Sexless in the City


Sometimes reading romance novels doesn’t quite prepare you for a love life...

For this 30-year-old urbanite, love is always a misadventure: The Harvard Lickwit, Hippie the Groper, the 5% Man, and the Ad Weasel. These and many other men wander in and out of her life — but never her bed.

Wednesday, October 26, 2005

The pain that lingers so sweetly

Memoir-writing’s an interesting way to rediscover those stories you quit telling five years ago. One thing I’d forgotten was just how much Etta James informed my letter-writing to Musical Man. In fact, I’m convinced she basically taught me how to pine. No one in those romance novels I read had to do it; their loves all worked out in the end. But when I listen to her album again all old emotions are gone. The songs don’t transport me back to high school; they just surprise me with how powerfully the lyrics must have shaped a suggestible mind.

It isn’t always like that with music I’ve played oft enough to earn some rhino love. Sometime in mid-college, I used Jars of Clay to help me recover from a boy — this another musician, my crush on whom went through me like food poisoning. I barely remember what it was I liked about him, or how the pining went, I just recall recovery. “I will never,” I vowed at the time, “like someone like that again.” Today I could probably play that Jars album, and no feeling would resurface. But one day in college I gave it a spin and was shocked how all those old feelings, so wedded to tune, came back to haunt me. One play, and suddenly I was transported back to that broken emotional state.

I vaguely remember the songs that got me through the Married Man. There was Barenaked Ladies’ “Baby Seat,” and much Fiona Apple. But neither that song nor her albums have much trace feeling when I play them now. And I don’t think it’s just the time that’s passed, or having pressed other emotions into those tracks (which sometimes reclaims the music like time does). Somehow all that pain has passed right through me.

The night after my return from California, Guy Friend #1 and I braved the rain driving down at 45 degrees to take in a Johnnie Walker whiskey tasting not far from the Holland Tunnel entrance — right about the same neighborhood where the Captain’s car was robbed one night we all tried to take in a swank art party. During the tasting, our brainwasher — erm, tasting guide — instructed us to splash some whiskey on our hands, rub them quickly together, then smell the scent that remained, now the alcohol had vaporized.

In a way, that scent-free-of-alcohol is much like how I remember those 18 months when I had such misery over the Married Man.

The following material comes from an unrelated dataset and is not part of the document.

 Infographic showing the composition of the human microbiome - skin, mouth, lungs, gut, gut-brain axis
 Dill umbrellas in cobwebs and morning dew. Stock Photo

It’s actually almost a struggle now, reminding myself how intensely I felt and how dark that season was. At the time I remember it tasted just like the sharp, bitter tang of an alcohol almost like bile. But now there is just the warm, oaky scent on my hands of the lessons I learned because of that pain; the good seeds that sprang up precisely because they were sown in a massive pile of shit. With that first crush the suffering hardened me — and haunted, through the music I’d infected with that pain. But with Married Man, I just let the pain pass through me until that storm of suffering (emotionally) was over.

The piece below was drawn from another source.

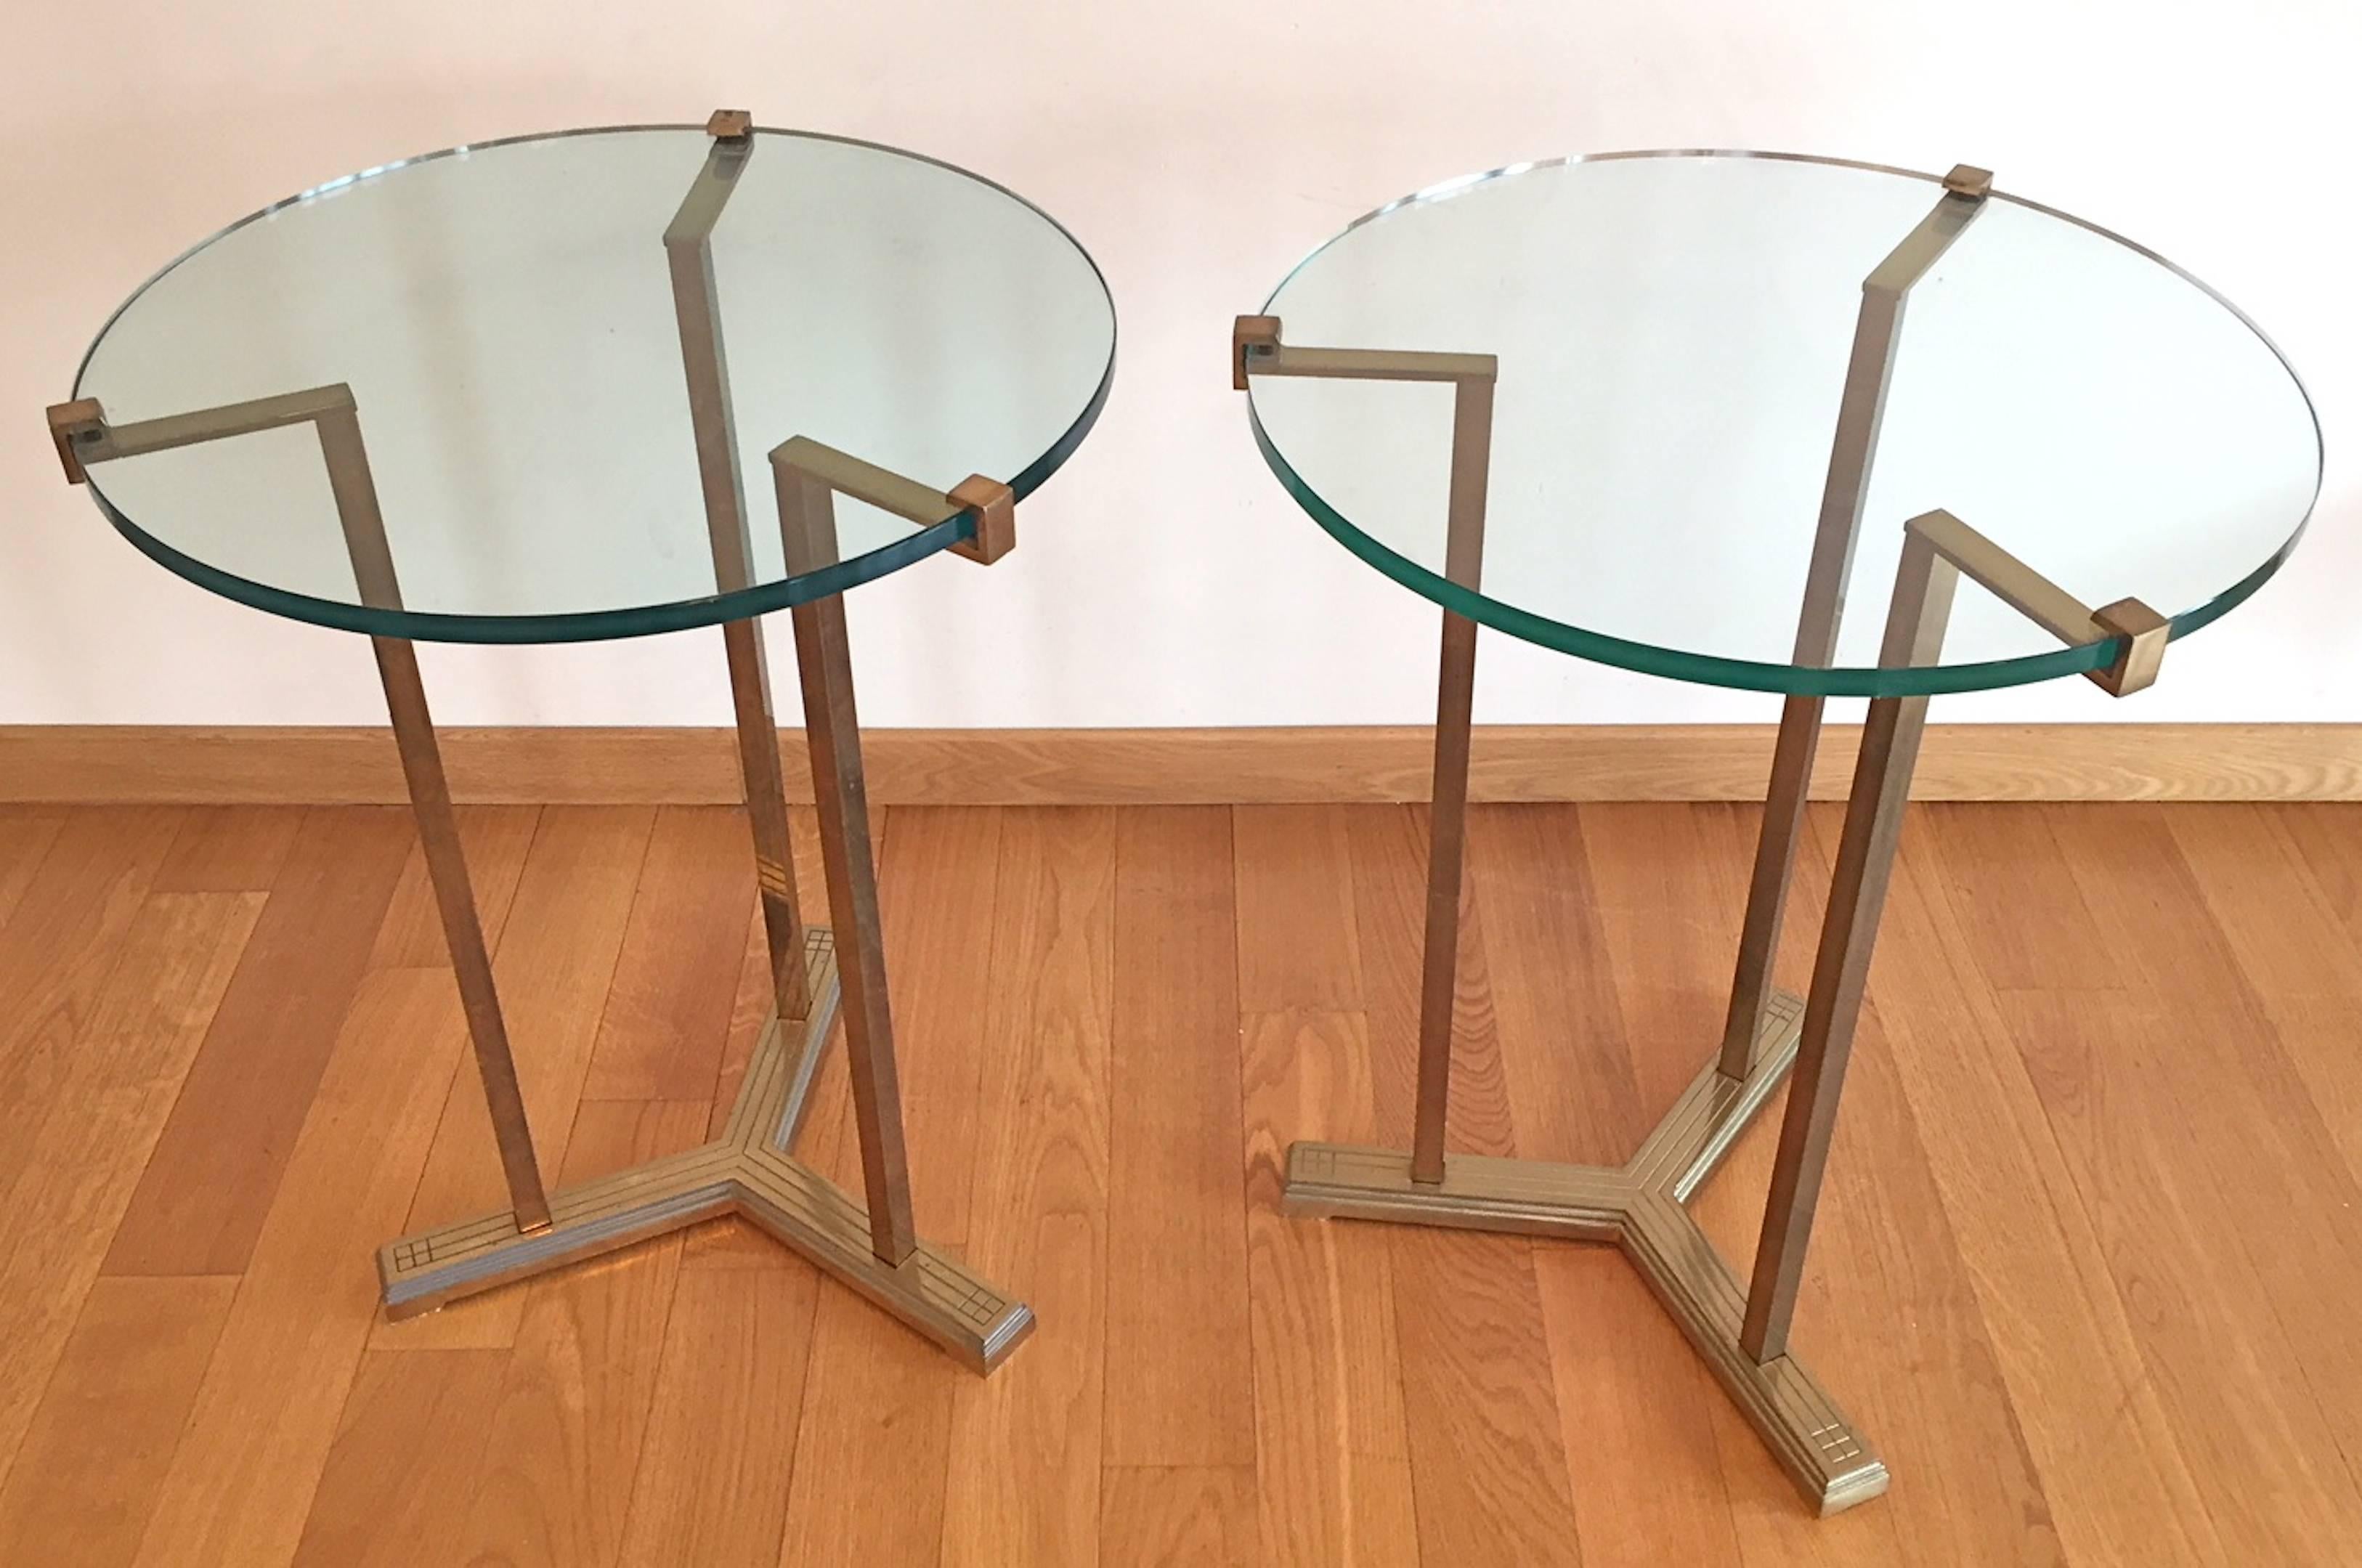 An elegant pair of French side tables, manufactured in the 1970s. Glass and brass,
Excellent condition.

My pastor often says this about forgiveness — when pain is inflicted and wrong is done, someone must pay the debt. Either you make the wrongdoer pay (through revenge), or you make others like that one pay (through prejudice toward that class of person), or you pay the debt yourself (which is forgiveness). In the first two cases, the poison that hurt you infects you and tends to harden, embitter and stop up the flow of life. The reason forgiveness hurts so much is you’re taking the poison into yourself so your body can break it apart and dismantle the death.

That season of liking the Married Man was 18 months of agony, and sometimes I really saw why one might escape it all in suicide. At one time, perhaps, it might seem I could only recall such pain with the lubricant of much alcohol. But now I am almost glad to retell that story — not because I’m a masochist, but because of the growth that sprang up in the soil of such agony. I can’t separate the sweet scent on my hands from the alcohol it started with. The growth is so intertwined with the pain that I can’t wish that suffering never happened. Without it I would have never had this sweet smell on my hands and in my life — and the fruit that resulted is more precious to me than a life lived with fewer wounds.

That’s how love has been revenge in my life: Oh whiskey, where is your alcohol? Oh pain, you have scarred but not marred.